In short, even if the mythos Bourdieu deconstructed had been true—that taste derives from an inherent superiority of judgment—it is not clear that his experiments would have produced different results. Yet who would dismiss these individuals for coming to their beliefs secondhand or for seeming only to represent the consensus of their milieu?
You have to start from the premise that aesthetic judgments are meaningless—and that education and class are likewise meaningless—to conclude that correlations between these quantities have no deeper logic than the mechanics of social power. This may be true, but to proceed from this premise is, more or less axiomatically, to discover what you set out to find. From this we might conclude that even if the commodification of a style is mercenary and cynical, it does not follow that the commodified style is meaningless or worthless itself.
Likewise, even if those who appropriate a style get few points for creativity, they may still get some , since all style, like all belief, is on some level appropriative. Perhaps neither Bourdieu nor Greif takes style seriously enough on its own terms. Every fashion that gains purchase must satisfy or resonate with an aesthetic need, some organic transpiration in human sensibility, and every vector of this new fashion—from the hippest to the lamest—is some part late-adopter and some part innovator.

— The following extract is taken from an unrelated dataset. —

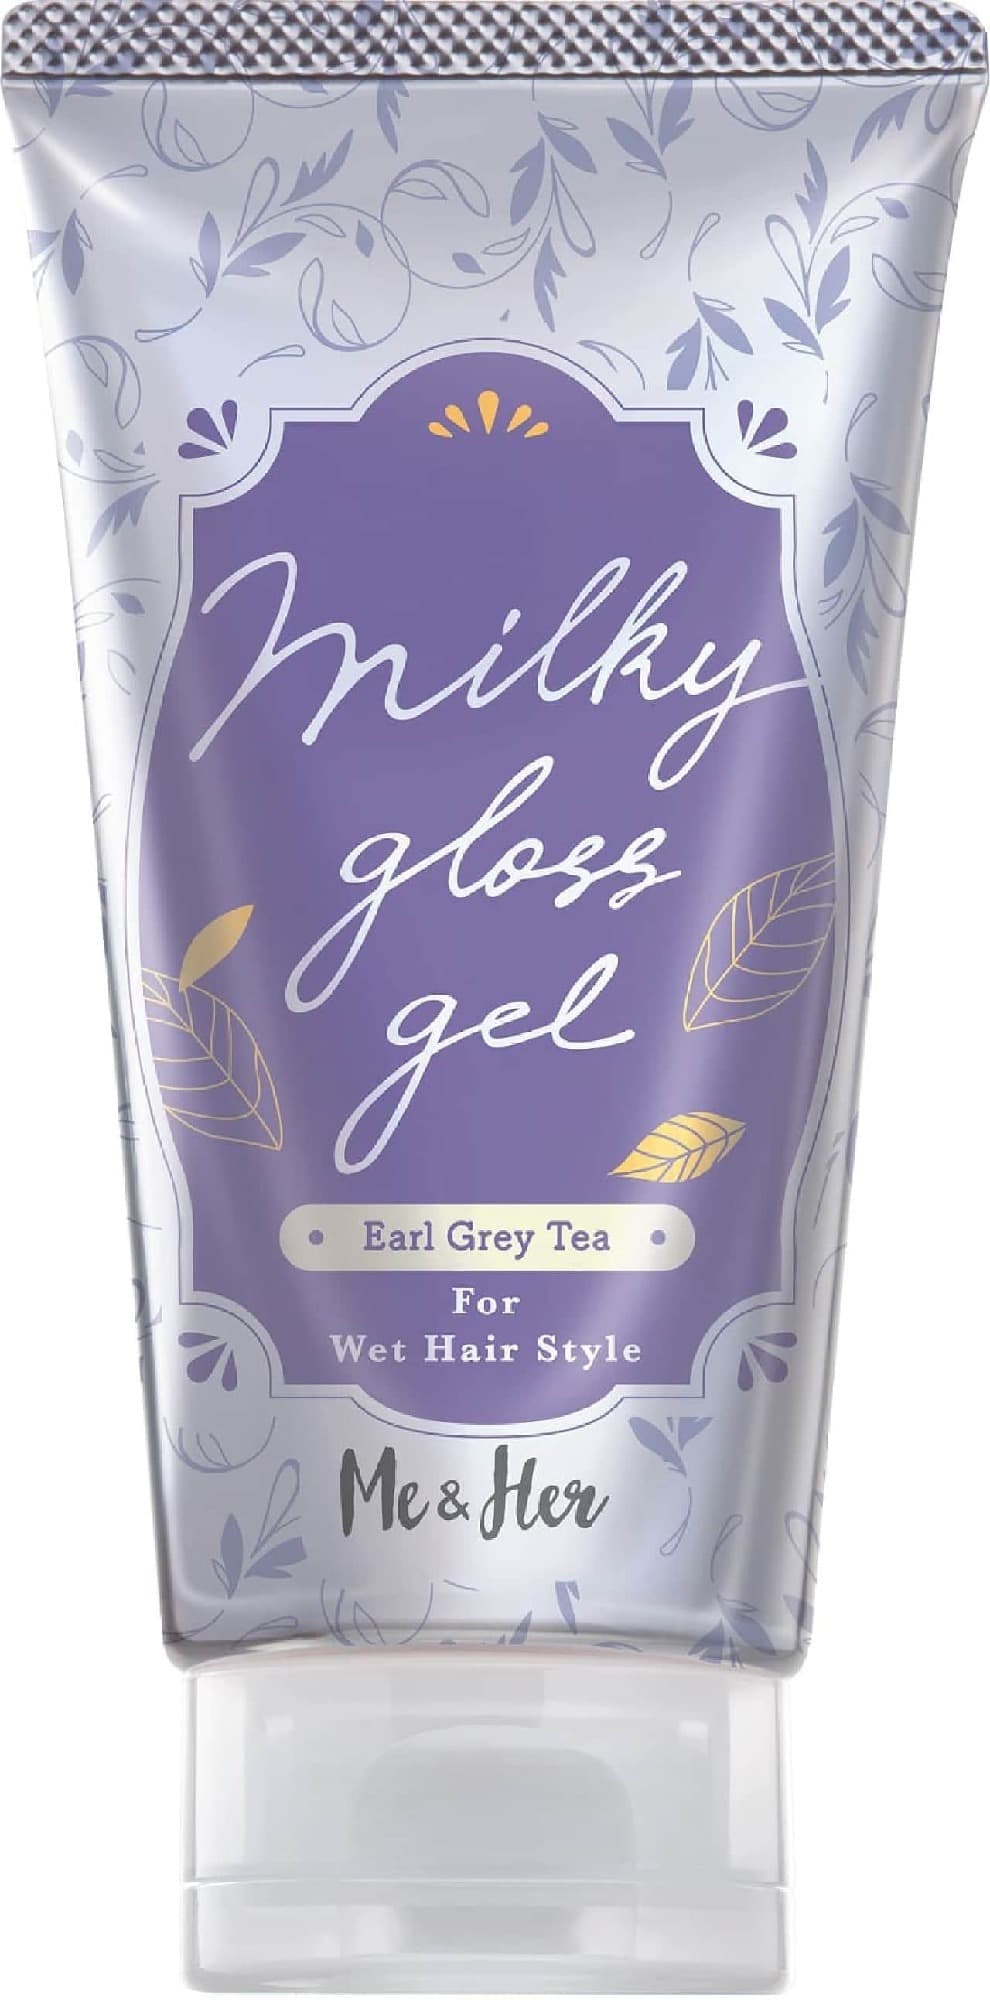 Earl Grey Tea" scent from utena's "Me and Her Milky Gloss Gel

There is a phenomenology of style, of what fundamentally strikes us as hip or cool, I would argue, that we have never fully penetrated or described. To lay it strictly at the feet of marketers and advertisers, to reduce it all to class mechanics and social self-sorting, is to avoid the central, most interesting question: What is the true meaning of aesthetics in our lives and our hearts, whence the germ force of style prior to commodification?
For if we value at all the great sweep of aesthetic diversity around us, we owe the trailblazers and vanguards of style something, whether they look down on us or not.
Whether we have hipsters to thank, the dominant urban style—especially in the built environment—has grown more sophisticated and refined over the last twenty years. Only critics guilty of the same retrospective nostalgia for which they fault hipsters could deny this. As this aesthetic grows stale and familiar itself, we will need new insurgent styles to upend the merely comfortable and derivative.
This is only as it should be. Hipsters caught hell for supposedly never developing a style of their own and instead parasitically drawing on older styles and more authentic subcultures. But is it ever so different? The spontaneous emergence of a name that the culture needed and understood—even a repurposed name tinged with judgment—offers sufficient evidence in itself that a new style had emerged.
The ironic honesty of this stance turned it into something halfway serious; by insisting on the vacuity of fashion, it transcended vacuity. It brought dialectical grit to the culture, as perversity always does. What drove people nuts about this original hipster was never vapidity in itself, but the sacrifice of everything—even the pleasures of human warmth—to the imperative of cool. The great monocultural wash of pop consensus has not only devitalized subculture but failed to grapple with the harm of feel-good acceptance when it tips into an ethic that refuses necessary distinction and meaningful judgment.
A culture that insists on consensus stalls like a locked-up engine. Hipsters got grief for being a subculture without political conviction or heft.
But even rigidly superficial movements matter because they destabilize our convictions and remind us of the many possibilities of being. They open up space, dimensionality, in existence. The grand consensuses of modern life online—the politics of approbatory or condemnatory agreement—keep culture from renewing and reinventing itself.